Tango is a dance of solitude. In spite of its reputation, its mythology, its often misleading visual representations, at its heart it is the intimate encounter of largely solitary individuals in a communal setting. It is also, quite obviously, a dance of couples, possibly the most challenging of all social dances and one that forces us to reveal ourselves in unexpected ways. The traditional milonga provides the mise-en-scène for these brief interludes of union between two dancers, who are often strangers to one another or only passing acquaintances about whom we know little, sometimes not even their name.

Historically and by tradition, dancers are separated by sex and seated on opposite sides of the room—men on one side, women on the other. Formal couples, if there are any, are seated together. There is no requirement that dancers know one another and personal information is rarely shared. Invitations are wordless and gestural—the mirada, the use of the eyes to signal interest, and the cabeceo, the nod of the head, to indicate acceptance. Once acknowledged, the man approaches the woman, who remains seated, and offers his hand. Only then do they join the other couples on the dance floor. Sometimes introductions are made. Sometimes there is small talk. But none of it is necessary and silence is often preferable. After all, there is the music, the regular rhythm of their breathing, the beating of two hearts. To a large extent, verbal language, the chatter that transpires before and between songs, is superfluous and often distracting. For the dancers, there are other ways of communicating. When the tanda is over, the man accompanies his partner to her seat and they separate. Two solitary individuals once more. This man, this woman. A brief interlude of unfamiliar intimacy after which they may never see one another again. Of course, communities of dancers exist everywhere tango is practiced and, with time, faces become familiar and friendships may form, but they are not essential. What is necessary is the music and the setting and a man and a woman.
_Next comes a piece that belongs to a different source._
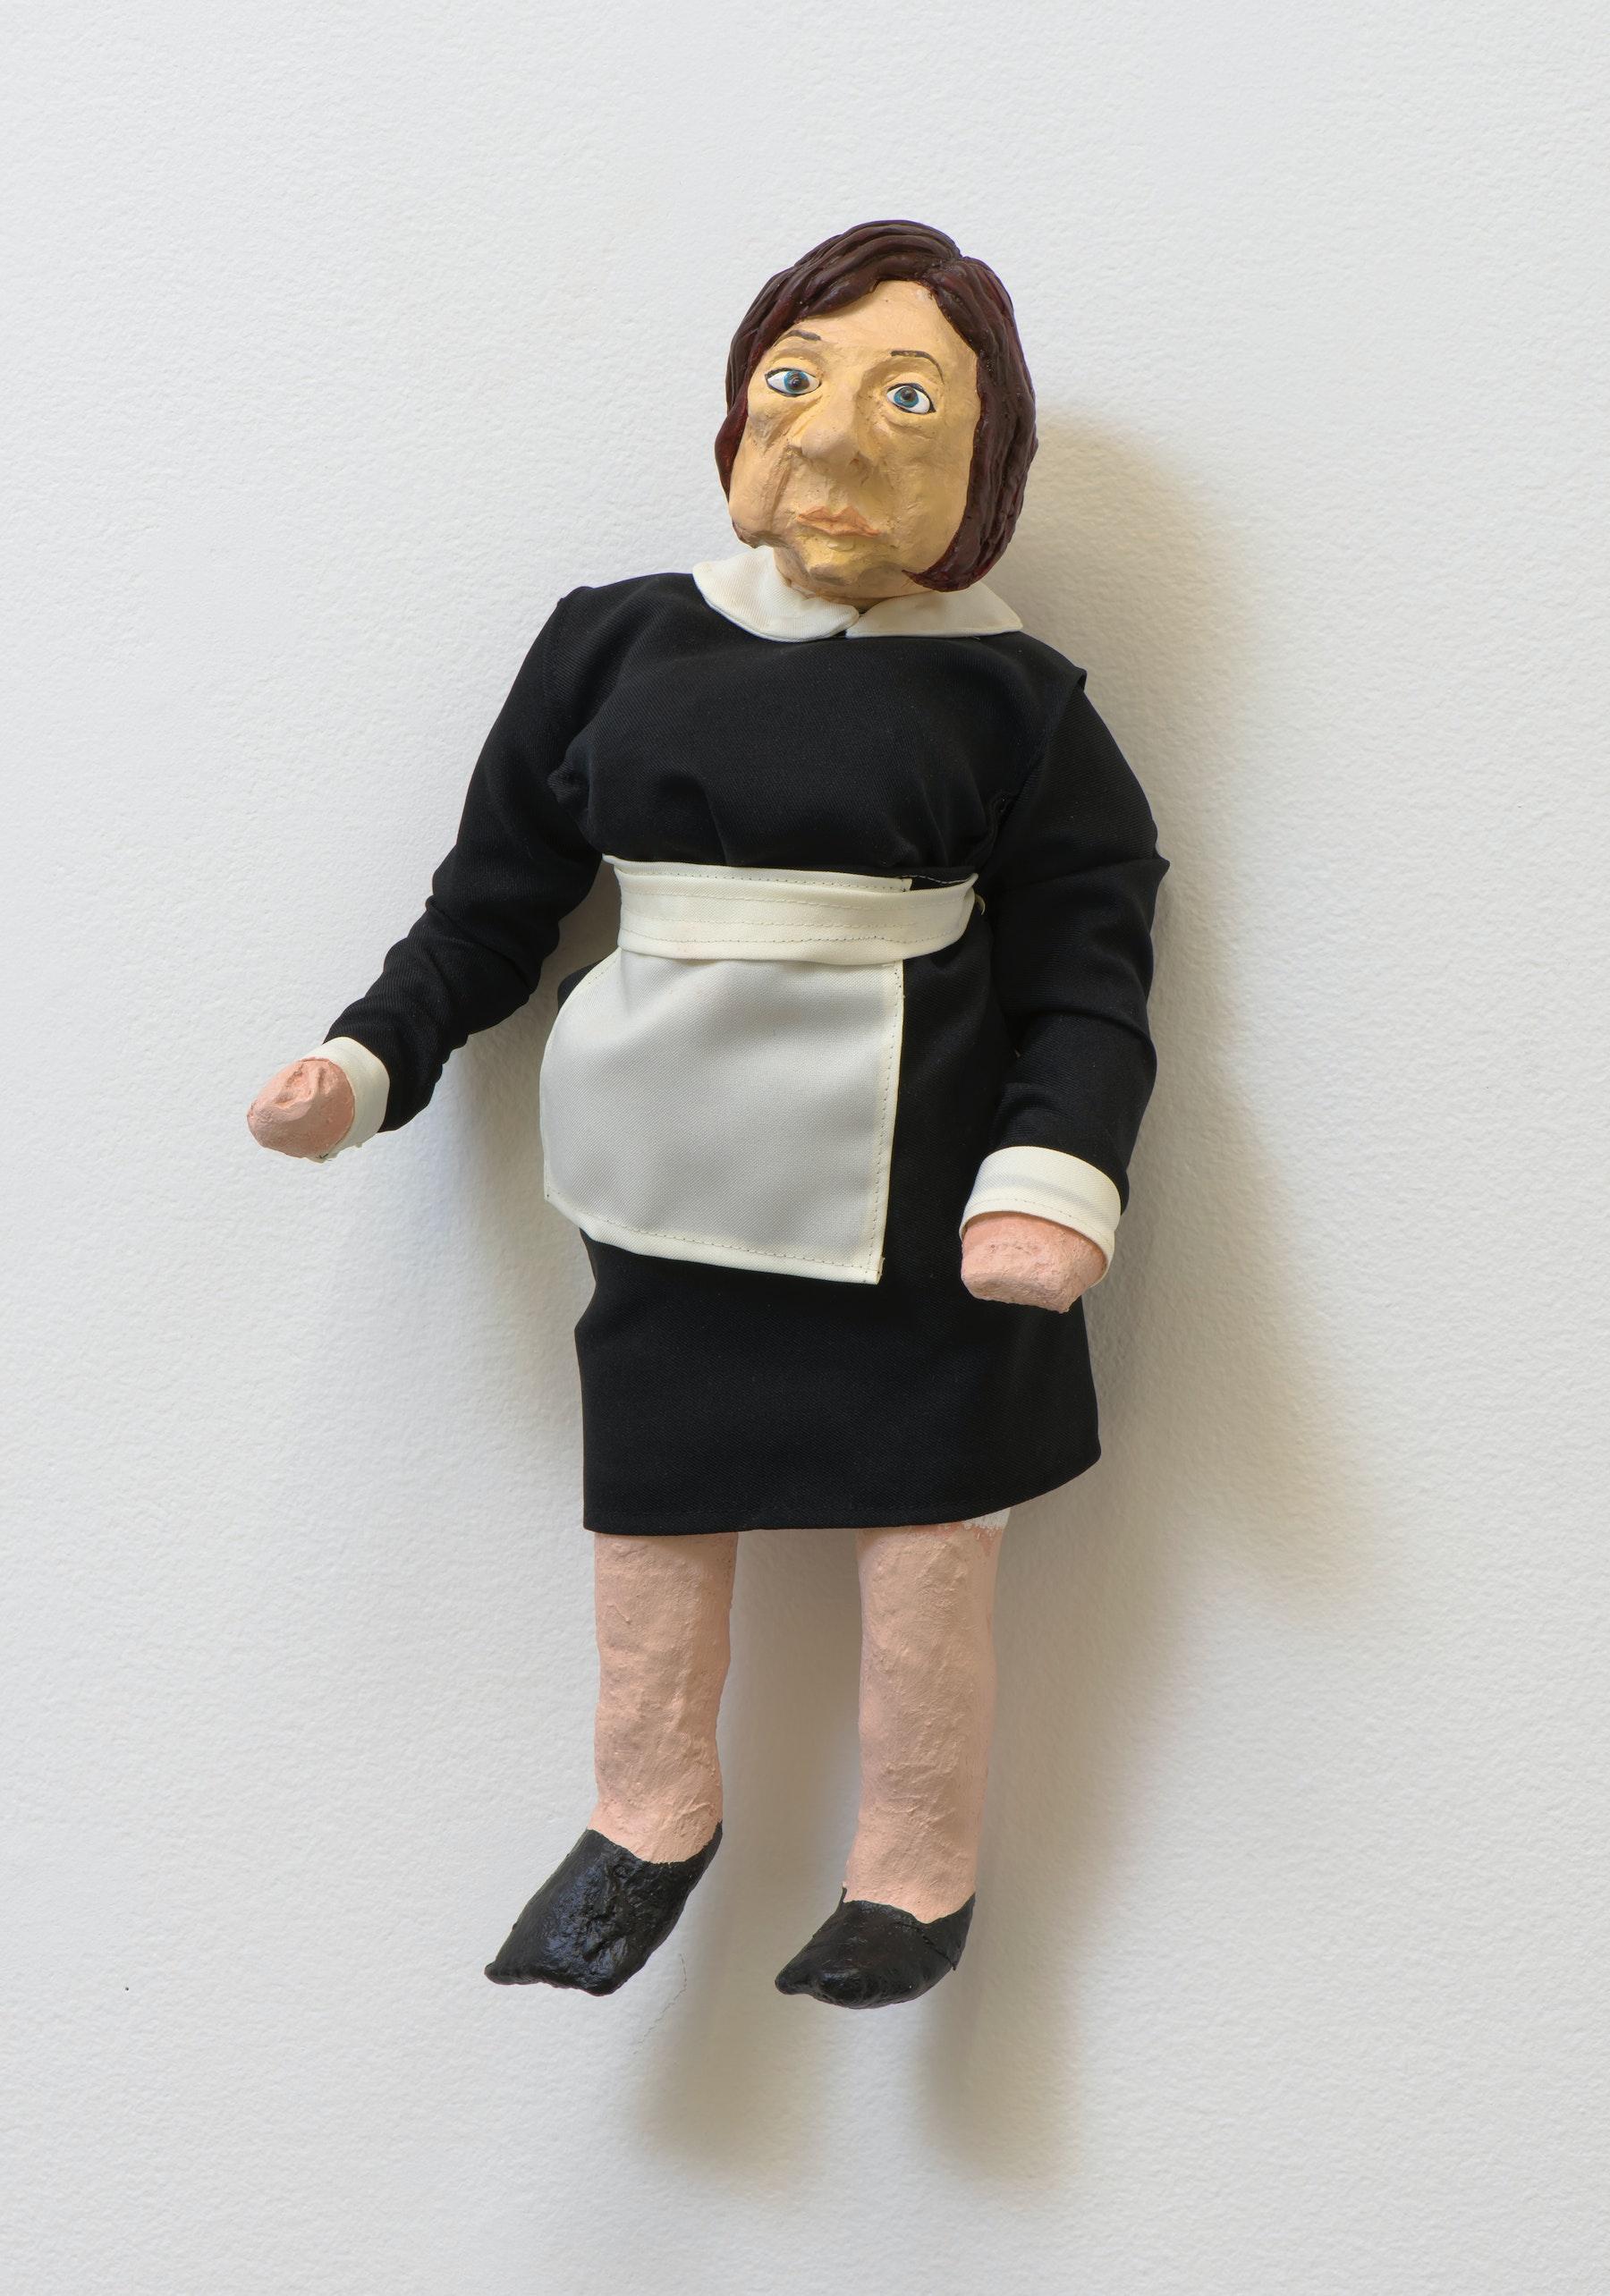 "My Barbarian ""Brigitte (doll),"" 2014 20.25"" H x 10"" W x 5"" D (51.44 cm H x 25.4 cm W x 12.7 cm D) Inventory #MBB202 Courtesy of Vielmetter Los Angeles Photo credit: Robert Wedemeyer"

The embrace, the abrazo of tango, is itself a contradiction. It is the heart of tango, the most intimate and comforting of gestures, and yet it transpires between two individuals who may never have met before. We allow ourselves this privilege . . . and the risks it entails . . . because in this way we can get as close to the spirit of the music as humanly possible. And when it is over, we return to our anonymity, our unknownness. We resume our place as another face in a crowd of dancers.

The physical intimacy of the abrazo requires a corresponding element of etiquette. This is one of the reasons for the development of the codes, or codigos, of the traditional Argentine milonga, with its separate seating areas and guidelines governing things such as proper attire and behavior on the floor. The codes developed along with the dance and came to be seen as an integral part of its practice in Buenos Aires. Some of them, such as the use of the cabeceo, are near universal, but others have found little purchase in other parts of the world and among populations that have not experienced tango as an important element of their social and cultural heritage.

The nature of the codes, the appeal of anonymity, make sense when we consider the economic and political history of Argentina, especially the unrest it experienced throughout much of the 20th century. During that time, this rich and fertile land weathered a series of economic and political shocks that included coups, military dictatorships, and years of violent repression that suppressed public gatherings and punished political dissent and protest with a reign of terror that left its population reeling. It is the reason for the disappearance from view of tango as it went underground for a period of over twenty years—a different kind of violence and one experienced most acutely by its most ardent practitioners. (In fact there was more than one attempt to suppress tango in Argentina. Following the 1943 military coup, the government introduced “la ley seca,” which, in addition to its attempt to cleanse Argentinian Spanish of its use of lunfardo, the local slang of Buenos Aires, promulgated drinking laws that were largely aimed at suppressing tango. At bottom, the junta felt that tango was an inadequate symbol of national pride and turned to more folkloric elements of Argentinian culture. The ban on lunfardo (common in tango lyrics) was not lifted by Perón until 1949.)

During the period of its most extreme suppression, large public gatherings, considered to be a threat to the regime, were banned. It is of note that the conclusion of the Golden Age of tango, roughly 1954, was followed by the Plaza de Mayo bombing of 1955, led by anti-Perónist forces, and the overthrow of Perón’s government in September of that year. The “Dirty War” itself began, by some accounts, in 1969 (officially 1976-1983) and lasted until Argentina’s defeat in the Falkland Islands war with Great Britain in 1982. Only in 1983 was a democratically elected government returned to power. This suppression of a popular dance form, one that had served to define the country’s cultural heritage and national identity, helps to explain the seriousness and resolve with which traditional dancers approached the milonga following its restoration and revitalization upon the fall of the dictatorship. For many of these men and women, the milonga was a way of returning to the lost world of their youth and a way of working off the collective trauma resulting from years of violent repression.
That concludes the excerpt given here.